The movie’s bookmarked message, delivered through narration, is that we're all on this planet together, so let's work together to save it and ourselves. But the movie is so bad, so backward in so many ways, it almost makes me want to become a narcissistic, male chauvinistic science denier. It almost feels like Musk was behind this film as a way to co-opt science fiction’s valid and proper use as a tool of enlightenment, while at the same time casting space systems as blue collar work that can use COTS parts and processes, a myth he likes to propagate because it plays well with his fanboys (and based on his actions in recent years, because he actually believes such things). That’s not a dis on blue collar work. As Bender says in ‘The Breakfast Club’, without lamps there’d be no light. But space is hard. It requires more.
They spent 100 million dollars on this movie.
You know why? Because they knew they'd make a profit. The ‘soulless’ creativity actuaries behind so much of Hollywood’s sci fi got the formula right. Worldwide box office sales for this thing were over 220 million.
Or was the formula of this movie an early test case of an AI-written sci fi blockbuster script? I can’t tell!

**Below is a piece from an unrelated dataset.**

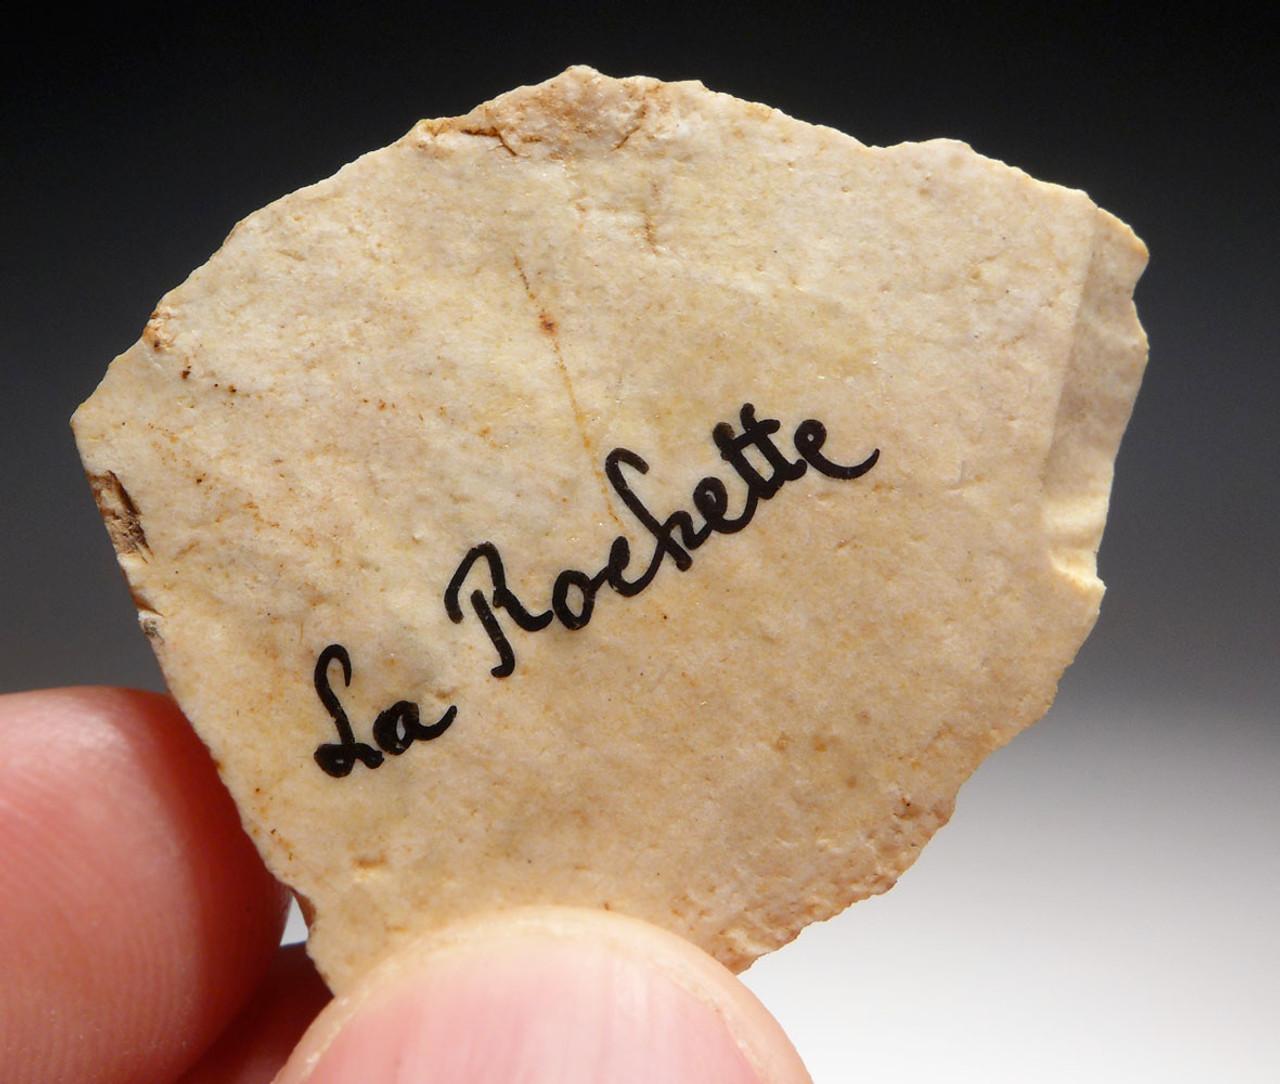 CRO-MAGNON UPPER PALEOLITHIC AURIGNACIAN BURIN ART GRAVER TOOL FROM FAMOUS LA ROCHETTE SITE FRANCE  *UP038

It has the same one-dimensionality as so many AI-created sci fi book covers (see https://xhoyenauthor.substack.com/p/representation-in-my-writing) and at least as many mindlessly unrealistic ‘artifacts’. What does it say about a successful Hollywood sci fi movie that you can’t tell if it was written by an early version of a mindless large language model AI program? What writer aspires to that?
Normally, I’d rave on about how disheartening this is, but I’ll nip that in the bud right here. I leave it to the reader to digest what a 2017 movie like this might mean to a writer trying to offer educational, enlightening, engaging spec fic. It’s all too easy for an observer to flippantly say, “write for yourself”. But it’s just not as simple as that.